# Diesel Mods??



## Forever13 (Jul 25, 2013)

The Only ones i have found with performance Chips (mods) is in euorpe.. and it is gonna cost almost 800 bucks to get it to the americas.. so if i were you i would wait a few more months and they should have mods for the car..


----------



## Merc6 (Jun 8, 2013)

Not sure if a cat back would be the same at this point.


----------



## auSriV (Aug 13, 2013)

There's a few places here in aus that flash tune diesels they can also change the shift points etc through the OBD


----------



## grs1961 (Oct 23, 2012)

If you are in NAmerica, be careful getting chips from Europe for the diesel, it's not - or at least it *wasn't* - the same diesel as the one you have.


----------



## Greygoose (Sep 26, 2013)

I know it's been a few months, so I figured I would ask..... Any news on performance parts for the diesel? I would really like a cold air intake and a "cat" back exhaust


----------



## Scott M. (Apr 23, 2013)

The diesel cruze has a diesel particulate filter DPF bolted to the exhaust manifold controlled by differential pressure sensors and temp sensors then a urea doser (injector) then a selective catalyst reductor SCR then a NOx sensor and a particulate matter sensor to make sure the nitrogen oxide has been reduced. The only way around all this is going to be to find a guy to open your ECM and delete all the sensors. Then you would have to design an exhaust system from the manifold back or gut all the filters. Its all illegal and I couldn't see anyone getting it done for less than $2000. Just a guess. Its kind of cost prohibitive I think. Then what do you do when you go to sell it ?


----------



## Tomko (Jun 1, 2013)

Manny has a tune connection. Search for his posts under GotDiesel? He deleted a bunch - but hopefully some survived.


----------



## Tomko (Jun 1, 2013)

Found it:

http://www.cruzetalk.com/forum/64-chevy-cruze-diesel/28057-chip-tune-diesel-cruze.html


----------



## GotDiesel? (Sep 9, 2013)

inmotionuse.com has a chip half the price.


----------



## GotDiesel? (Sep 9, 2013)

The first mod you NEED to look into is the CCV/EGR fix ...or wait until the Gunk builds up in the intake and intercooler .


----------



## DieselMan33 (Oct 13, 2013)

Thought I would share this in here. Since I am coming from the diesel truck world and my current truck is built for decent power. Always good to see tuning already coming for the Cruze! 

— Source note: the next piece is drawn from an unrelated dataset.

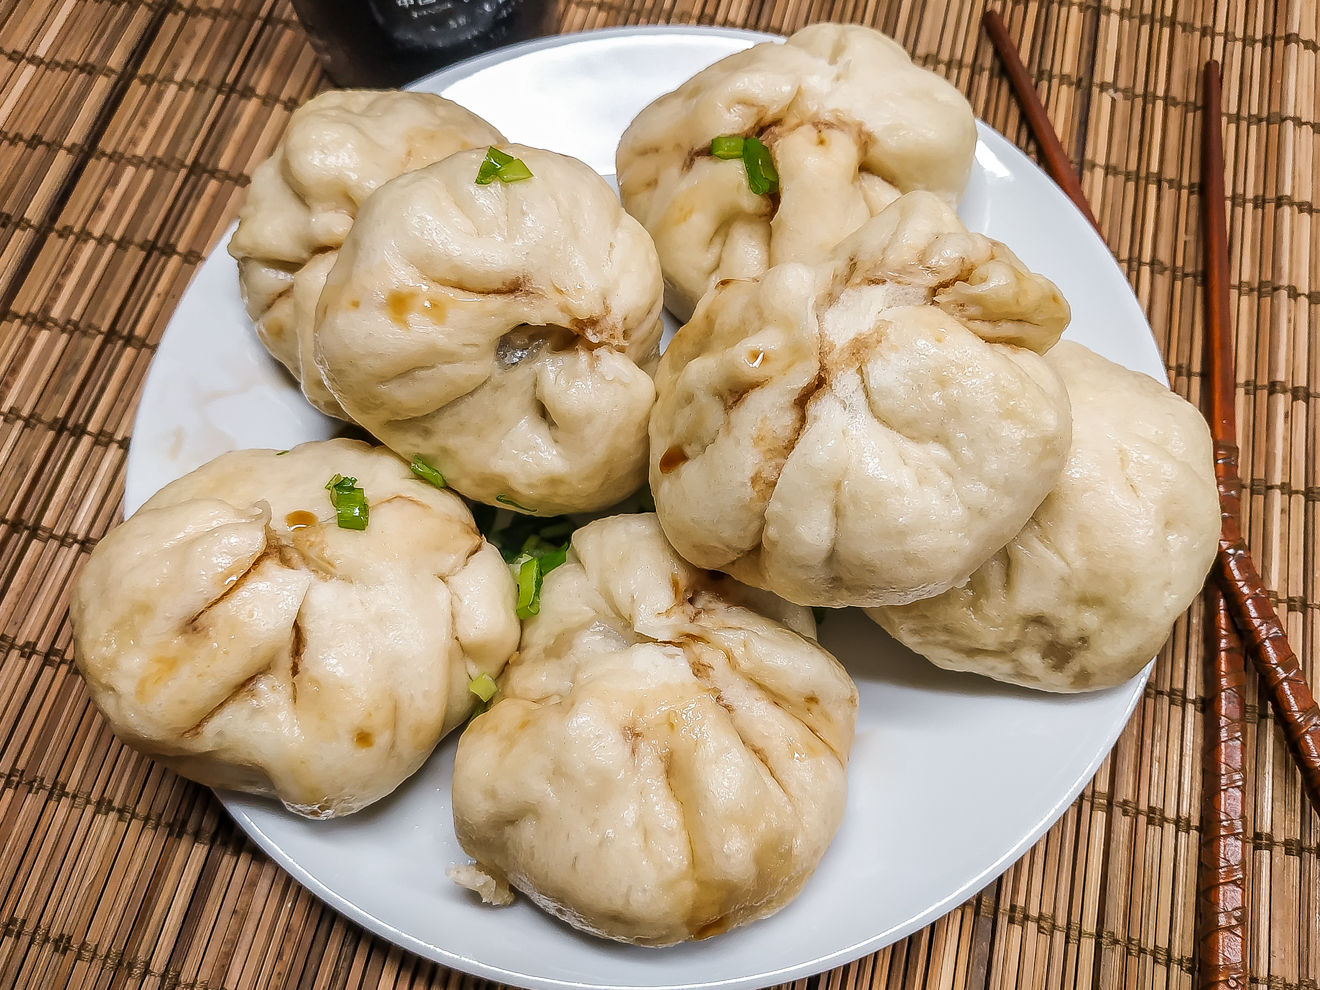 Баоцзы (包子) - китайские паровые булочки – привет, китай! hello china

Chevy Diesel Cruze Baseline - YouTube


----------



## Suns_PSD (Feb 16, 2013)

Yah, I might have to get that tune.

Thanks for posting. 

Sent from AutoGuide.com App


----------



## H3LLON3ARTH (Dec 16, 2011)

Wow I might be thinking about a CTD.
Sent From My Galaxy Note 3.
Which is bigger than my hand.


----------



## Suns_PSD (Feb 16, 2013)

DieselMan33 said:


> Thought I would share this in here. Since I am coming from the diesel truck world and my current truck is built for decent power. Always good to see tuning already coming for the Cruze!
> 
> Chevy Diesel Cruze Baseline - YouTube


Those are absolutely insane gains % wise. That little car us going to feel like it has a V8.



Sent from AutoGuide.com App


----------



## Nellie (Oct 27, 2013)

the exhaust will be a pain to do until we can get a full ecm over ride.
too much crap tp get rid of. once its gone hello pwr and mileage and longevity
i will eliminate all once ava.


----------



## N519AT (Aug 23, 2012)

Once you can eliminate all of the crap on the exhaust, get a custom made downpipe and then 3" downpipe back.


----------



## Suns_PSD (Feb 16, 2013)

The programmers like Edge that were providing those DPF delete kits got fined out of business by the EPA for doing exactly what they were doing, by passing federal emissions. The ones that remain won't touch it. 

Sent from AutoGuide.com App


----------



## Scott M. (Apr 23, 2013)

Too right. The Feds made an example out of the edge folks. Now it will be even harder to get diesels to breathe free.


----------